Se você deseja começar um novo projeto de Ciência Cidadã, recomendo iniciar pela identificação dos seus potenciais parceiros (que os cientistas busquem os praticantes que estes busquem os cientistas), escolher uma questão de pesquisa (começar por uma mais simples e, com o tempo, acrescentar outras), desenhar os experimentos, desenvolver protocolos acessíveis para guiar a coleta de informações, procurar engajar mais voluntários capacitando-os, se necessário, coletar, analisar e discutir os dados, assegurando-se que esses ficarão disponíveis para todos os interessados e, finalmente, promover, ou participar, de eventos para disseminar os resultados e compartilhar experiências.
Estou convicta da inegável vocação da meliponicultura para promoção da Ciência Cidadã.

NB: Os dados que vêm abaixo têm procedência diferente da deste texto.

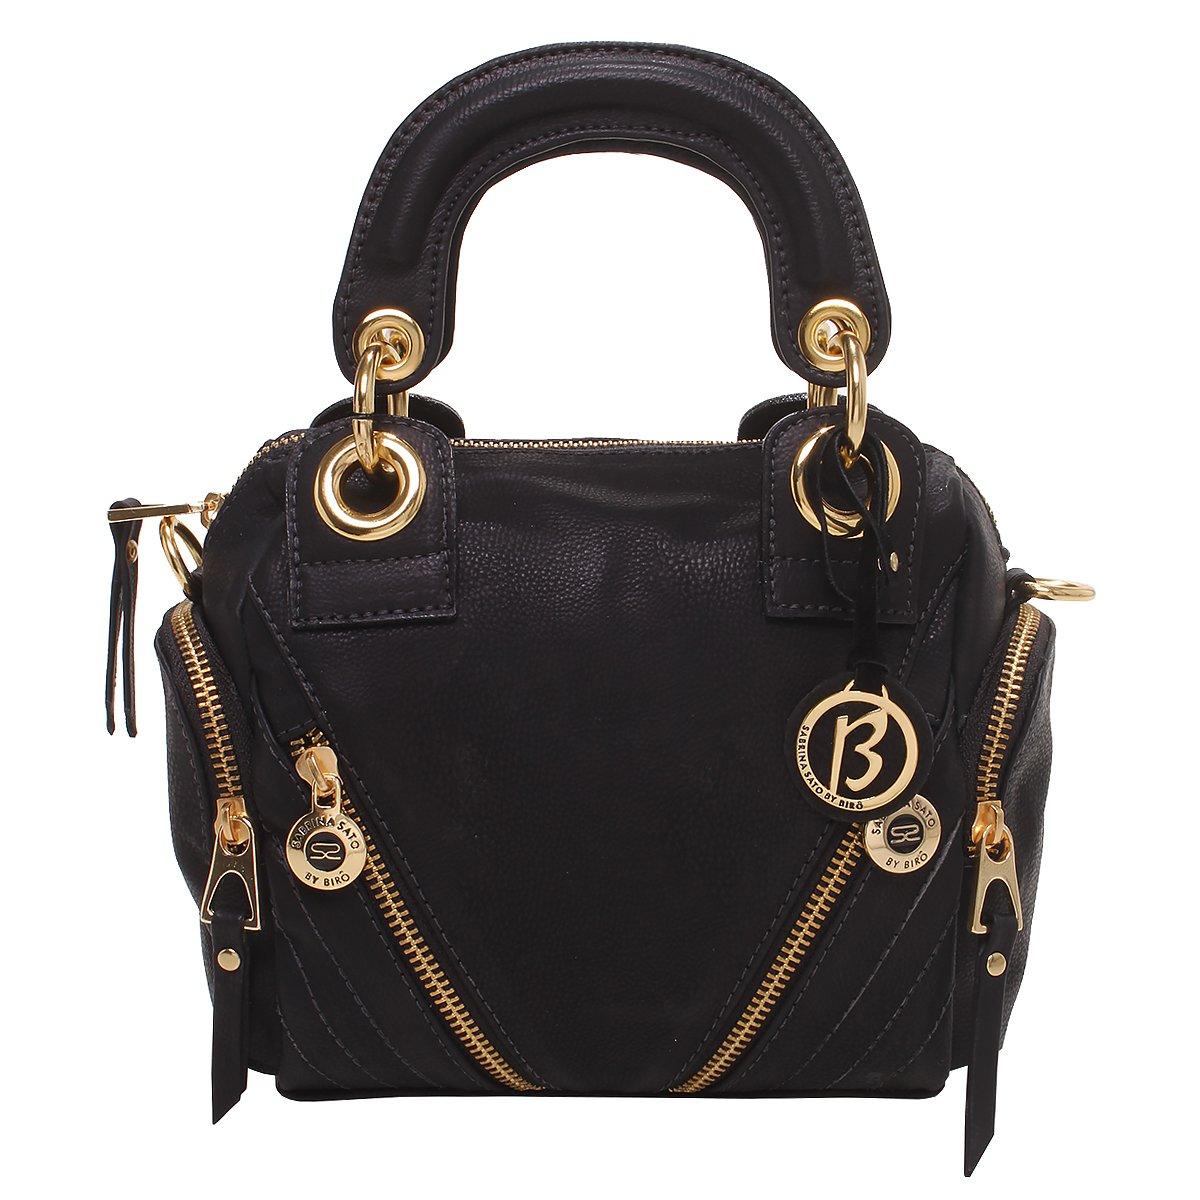 62f2d7cabb24c Bolsa Birô Min Bag Sabrina Sato - Compre Agora

Meliponicultores e cientistas podem trabalhar juntos desenvolvendo pesquisas colaborativas em diversas áreas da ciência, tecnologia e inovação, como por exemplo, no melhoramento e produção de rainhas, no controle da qualidade dos produtos das abelhas, no controle de doenças e pragas que atacam as colônias, na determinação da origem floral dos méis, na elaboração de calendários apícolas regionais, na identificação das causas de declínio das colônias, no monitoramento dos efeitos dos agrotóxicos sobre as colônias, dentre outras. Os valiosos conhecimentos dos meliponicultores integrados aos dos cientistas conduzirão a soluções consensuais que certamente em muito irão contribuir para o uso e manejo sustentável das nossas abelhas sem ferrão e para a conservação da nossa biodiversidade.

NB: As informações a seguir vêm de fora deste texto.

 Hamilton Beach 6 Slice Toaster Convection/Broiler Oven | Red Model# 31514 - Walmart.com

Para participar da coleta de dados do Guardiões:
Guardiões da Biodiversidade: https://guardioes.cria.org.br
Para nos acompanhar pelas redes sociais:
Facebook: Guardiões da Chapada
Instagran: @guardioesdachapada
Twitter: @guardioesdachap
Para conhecer outros projetos de Ciência Cidadã:
SiBBr Ciência Cidadã: http://sibbr.gov.br/cienciacidada/#/portfolio.
Bumblee Bee Watch: http://bumblebeewatch.org/.
Great Pollinator Project: http://greatpollinatorproject.org.
UK Pollinator Monitoring and Research Partnership: https://www.ceh.ac.uk/our-science/projects/pollinator-monitoring.
Depoimento sobre Dr. Paulo Nogueira-Neto:
Dr. Paulo Nogueira-Neto é um grande exemplo de cientista e cidadão, a ser seguido por todas as gerações. Foi um ser humano ético, conciliador, solidário e generoso, a quem devemos a Politica Nacional do Meio Ambiente e a maioria das Unidades de Conservação que hoje temos no Brasil, para proteção da nossa biodiversidade. A Ciência e o Meio ambiente brasileiros ficaram mais pobres com a sua partida. Pra mim, ele foi, e sempre será, uma fonte de inspiração para as minhas pesquisas com as abelhas e para minha conduta profissional. Ser-lhe-ei sempre grata pelas conversas, lições e conselhos.